In the material below, find the span from the line with "It’s about being" to the line with "#bsitsoftware #bsit #bsitsoftwareservices" and transcribe only those lines, exactly, ends included, without the pictures.

Data for this exercise:

#####

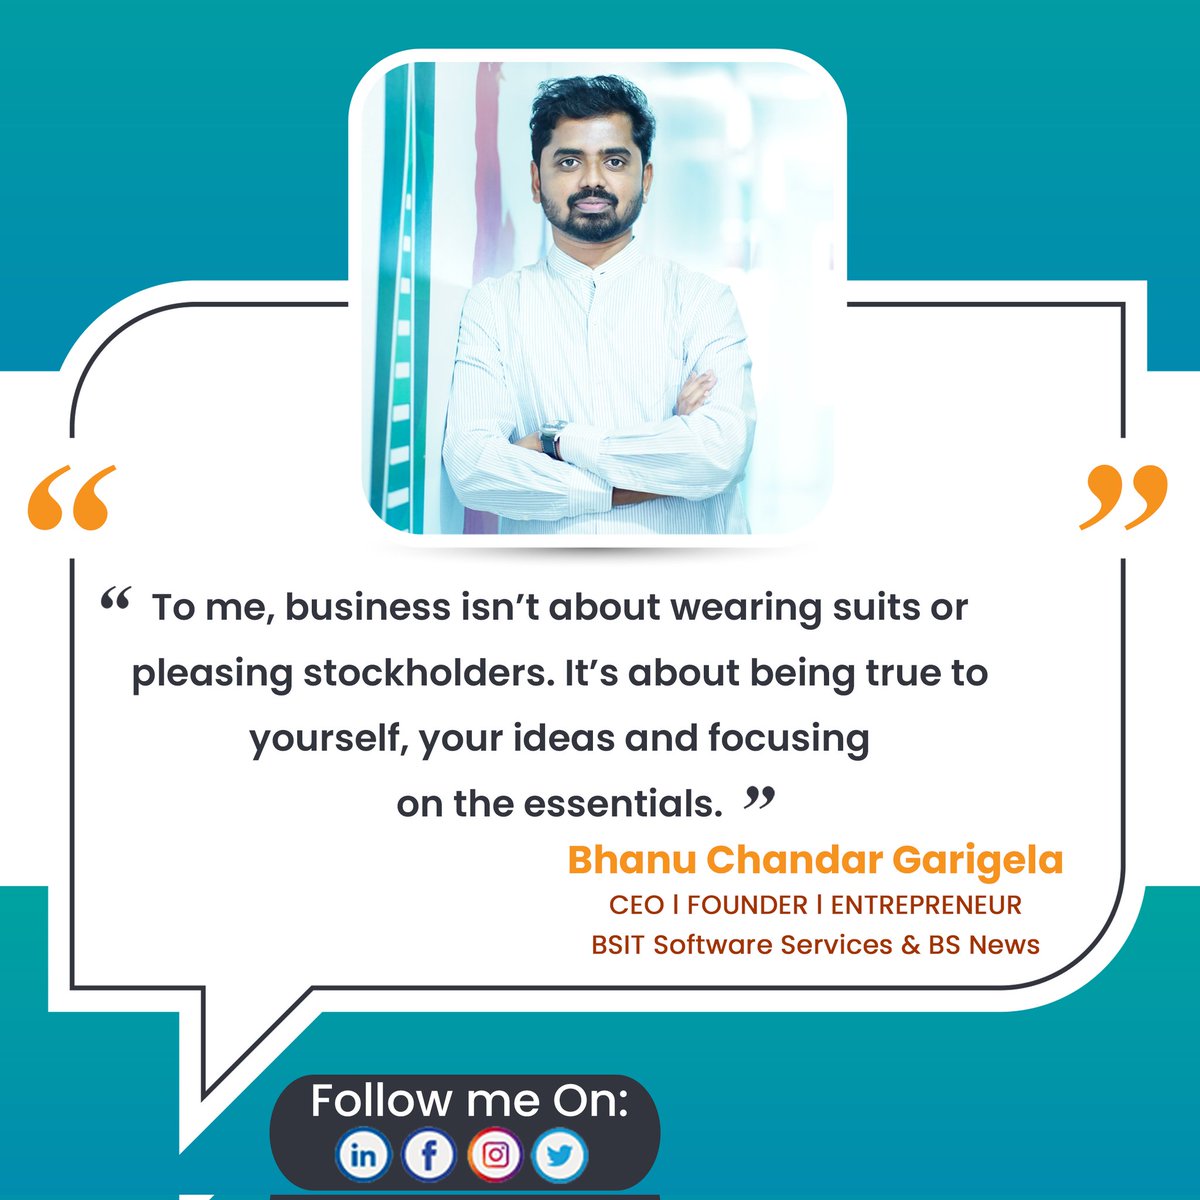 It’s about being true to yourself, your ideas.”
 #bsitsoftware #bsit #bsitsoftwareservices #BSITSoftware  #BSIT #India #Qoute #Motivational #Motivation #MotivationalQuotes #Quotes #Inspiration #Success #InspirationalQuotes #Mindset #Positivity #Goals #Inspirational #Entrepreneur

#####

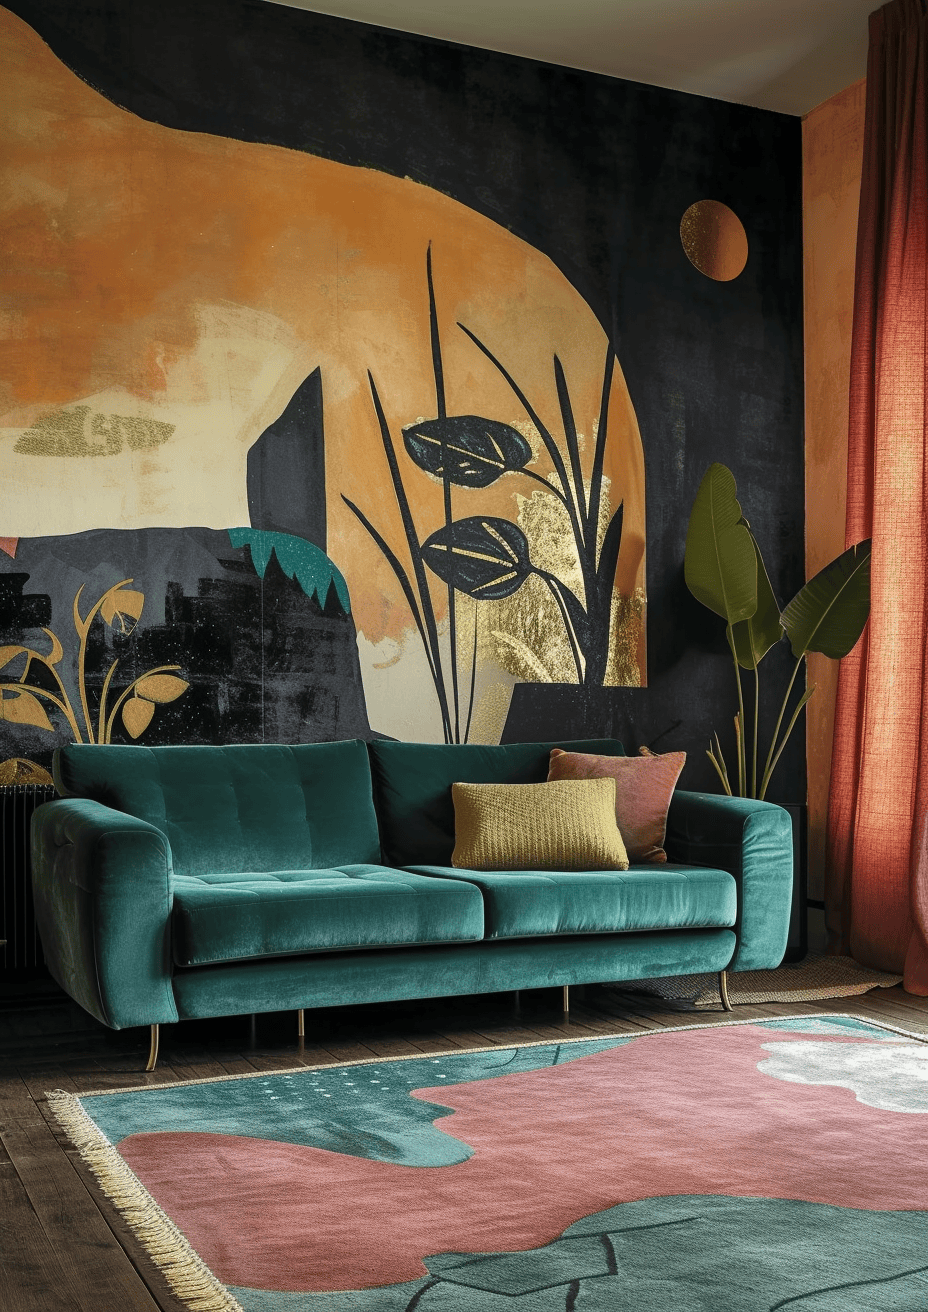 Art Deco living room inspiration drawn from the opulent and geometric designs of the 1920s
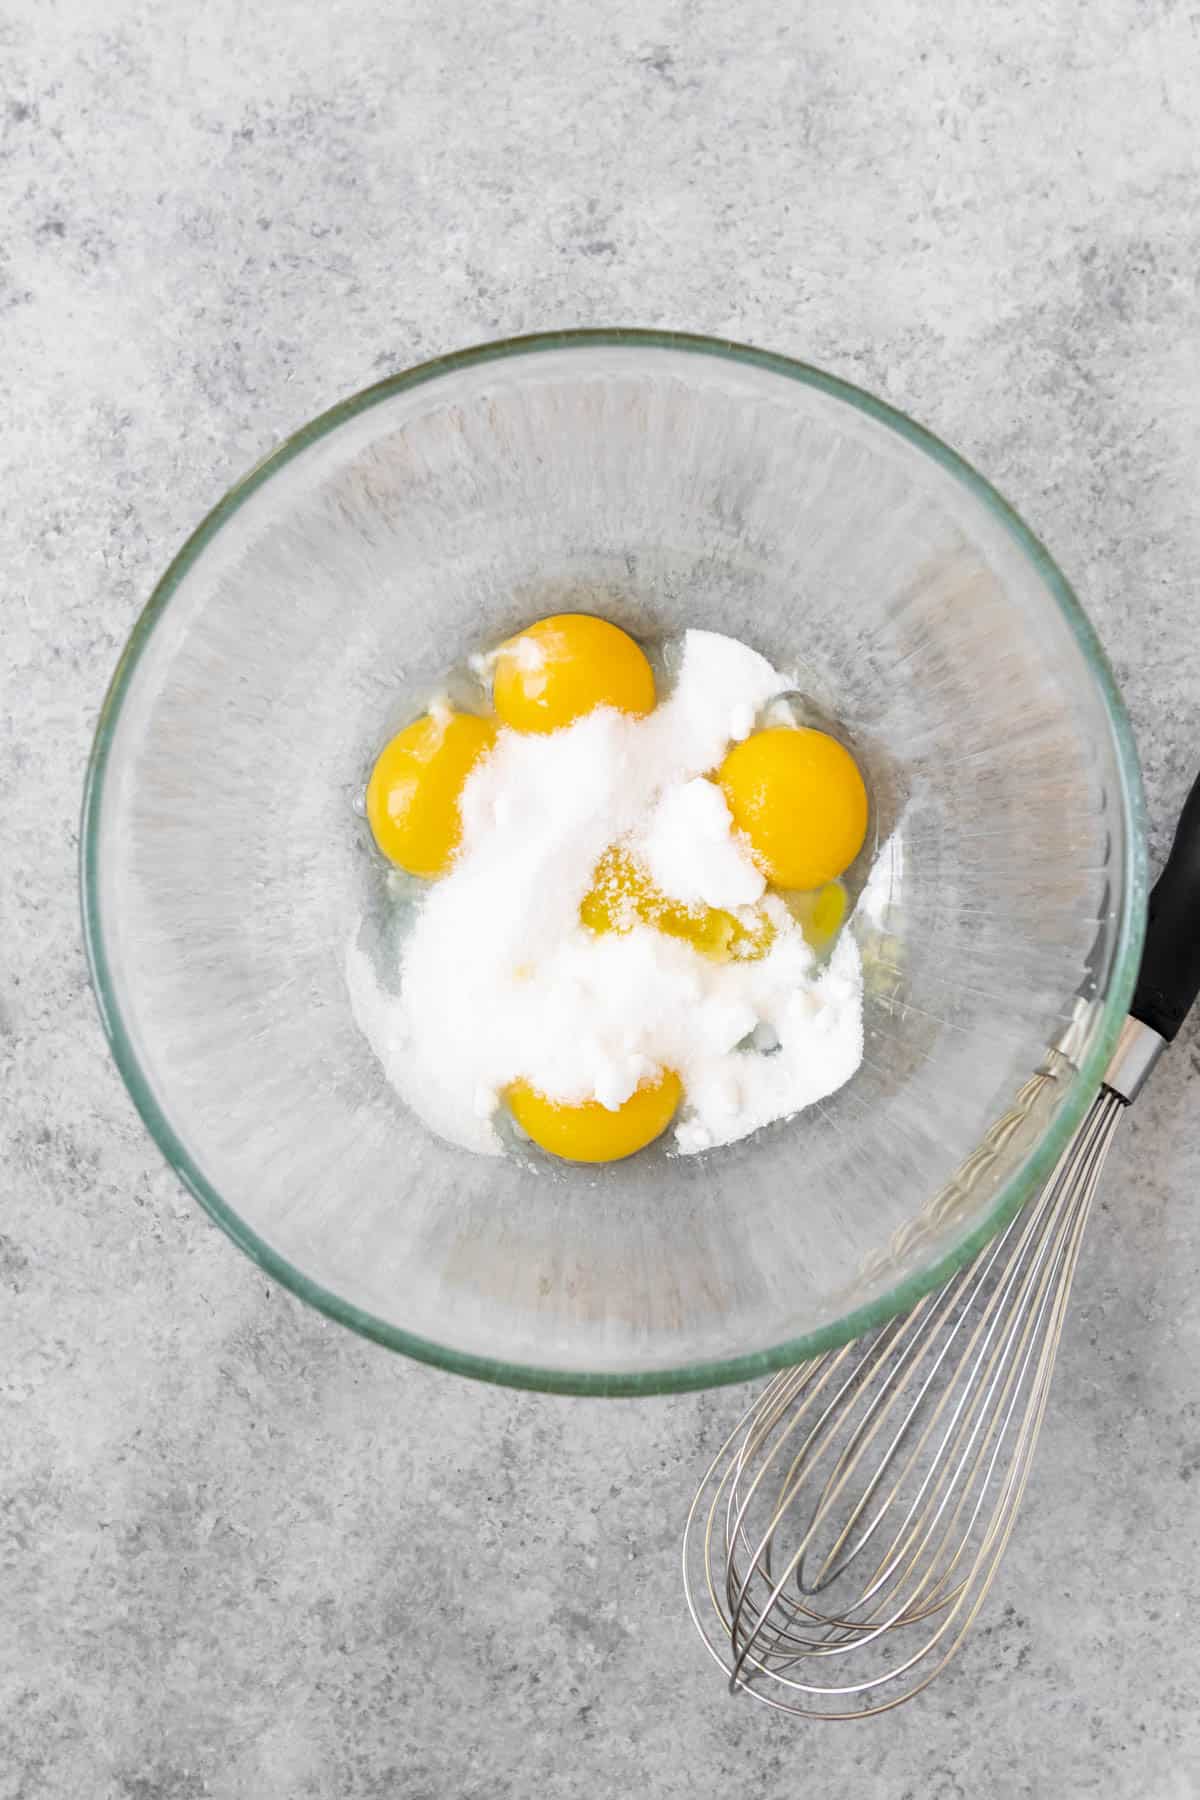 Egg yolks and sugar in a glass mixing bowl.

#####

Exercise output:
 It’s about being true to yourself, your ideas.”
 #bsitsoftware #bsit #bsitsoftwareservices #BSITSoftware  #BSIT #India #Qoute #Motivational #Motivation #MotivationalQuotes #Quotes #Inspiration #Success #InspirationalQuotes #Mindset #Positivity #Goals #Inspirational #Entrepreneur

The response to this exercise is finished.